Evidence kitevidence-folder-template/06-ai-workload-controls/prompt-tool-call-logging.md
AI workload controls
Prompt / tool-call logging
# Prompt / tool-call logging
Evidence that prompts, tool calls, and outputs are logged with a policy that bounds retention and access — so investigations are possible without becoming a long-term data risk.
Evidence to keep here
- Logging policy — what's logged, retention, who can read it.
- Sample log entry — sanitized.
- Access controls — who can query the logs.
Logging policy template
# AI Inference Logging Policy
## What we log
For every inference request:
- Timestamp, request ID, tenant ID, user ID
- Endpoint, model, input/output token counts
- Latency, status code
For inference requests **flagged for review** (per the abuse runbook):
- Full prompt
- Full output (or hash, depending on customer DPA)
- Tool calls made and their results
For routine traffic:
- {{policy: store hashes of prompt + output, retain full content for N days, etc.}}
## What we don't log
- {{e.g. customer PII unless required for incident investigation}}
- {{e.g. authentication tokens, API keys}}
## Retention
| Log type | Retention |
| ----------------------------- | --------------------------------------- |
| Request metadata (no content) | 365 days |
| Sampled prompt+output content | 30 days |
| Flagged-for-review content | 90 days, with security-team access only |
## Access
- Application engineers: metadata logs only
- AI / safety team: metadata + sampled content
- Security: all logs, for active investigations
Reading the flagged-content store requires an access-review entry (who, when, why).
## Customer data alignment
This policy must align with our customer DPA terms.

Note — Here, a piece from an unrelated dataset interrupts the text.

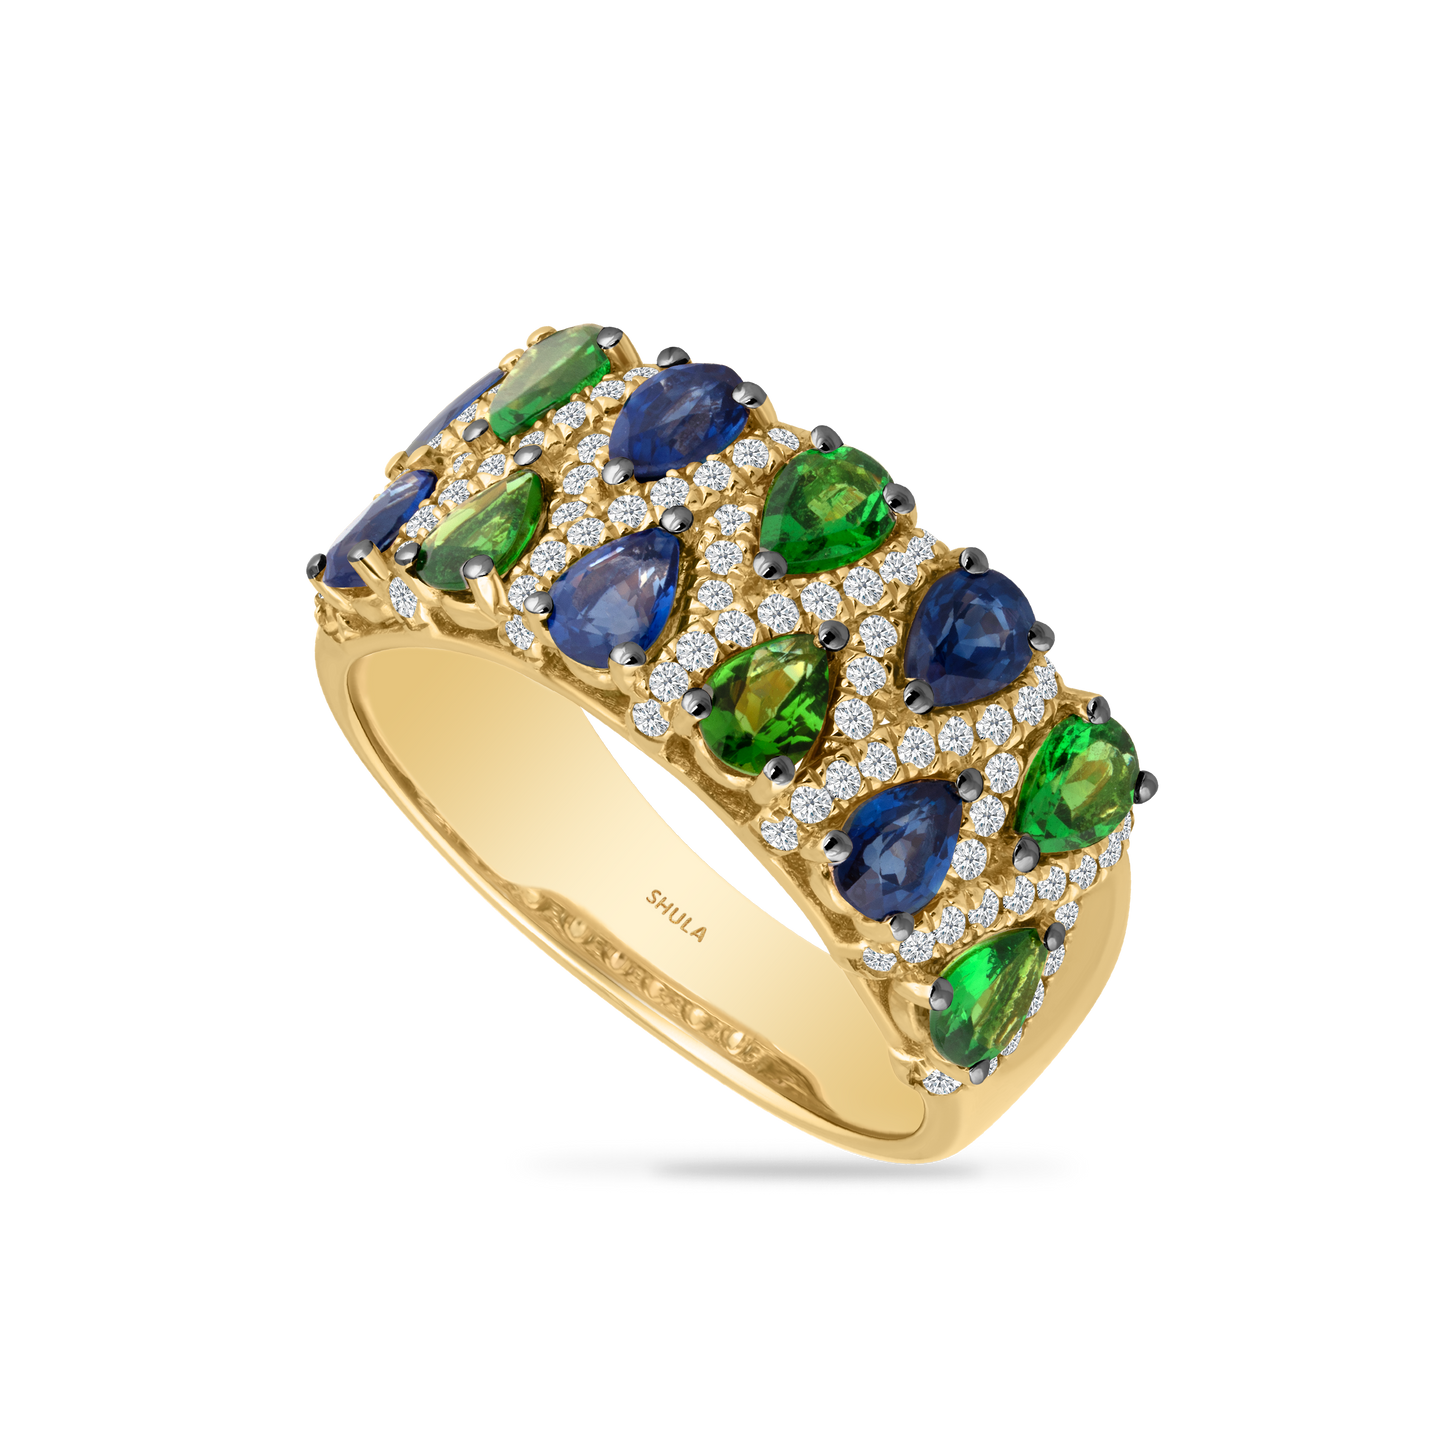 14K RING WITH 87 DIAMONDS 0.33CT, 6 BLUE SAPPHIRES 1.30CT AND 6 GREEN GARNETS 0.85CT
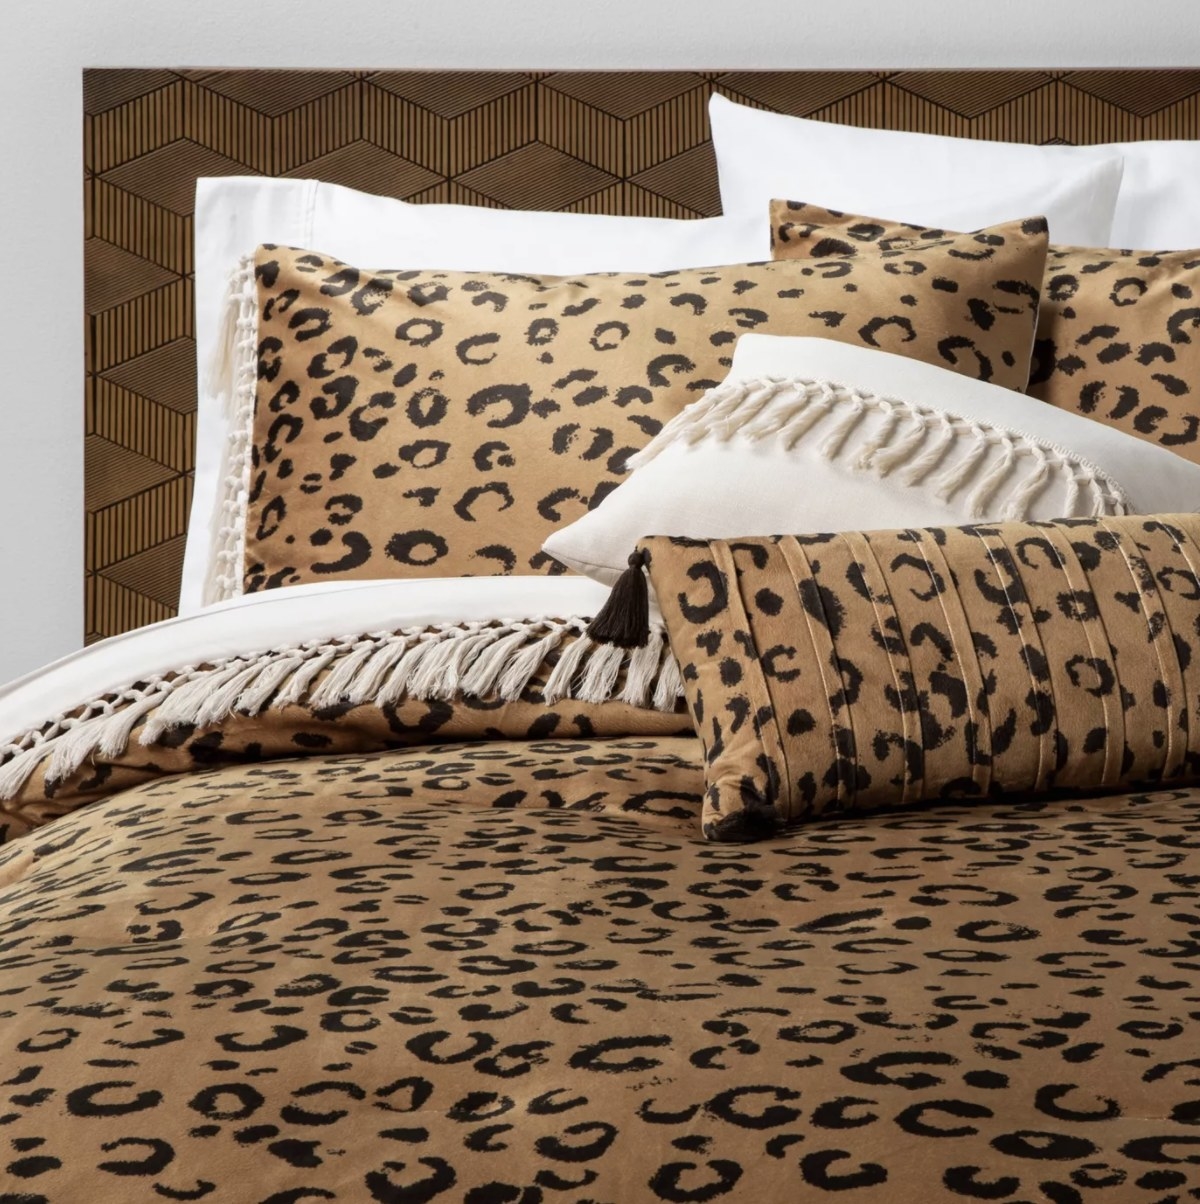 The animal print bed set is has light fringe, a gold base and black markings

If a customer contract states "no AI training on
customer data" or "30-day retention," our policy must respect the stricter term.
How to gather sample evidence
# Pull a sanitized sample log entry from your logging backend
# (Datadog / Honeycomb / Loki / native)
# Replace any actual content with [REDACTED] before saving
Sample answer for the questionnaire
Inference requests are logged centrally with retention bounded per the policy in
prompt-tool-call-logging.md. Metadata (timestamps, token counts, tenant IDs) is retained for 365 days; content is sampled for 30 days; flagged-for-review content is retained for 90 days with security-team-only access. Retention windows align with customer DPA terms; we do not retain customer prompts longer than contracted.
Example filenames
inference-logging-policy-2026.md
sample-log-entry-sanitized-2026-05-15.json
log-access-roles-2026-05-15.md
Refresh
Policy: annually unless changed. Sample log: quarterly.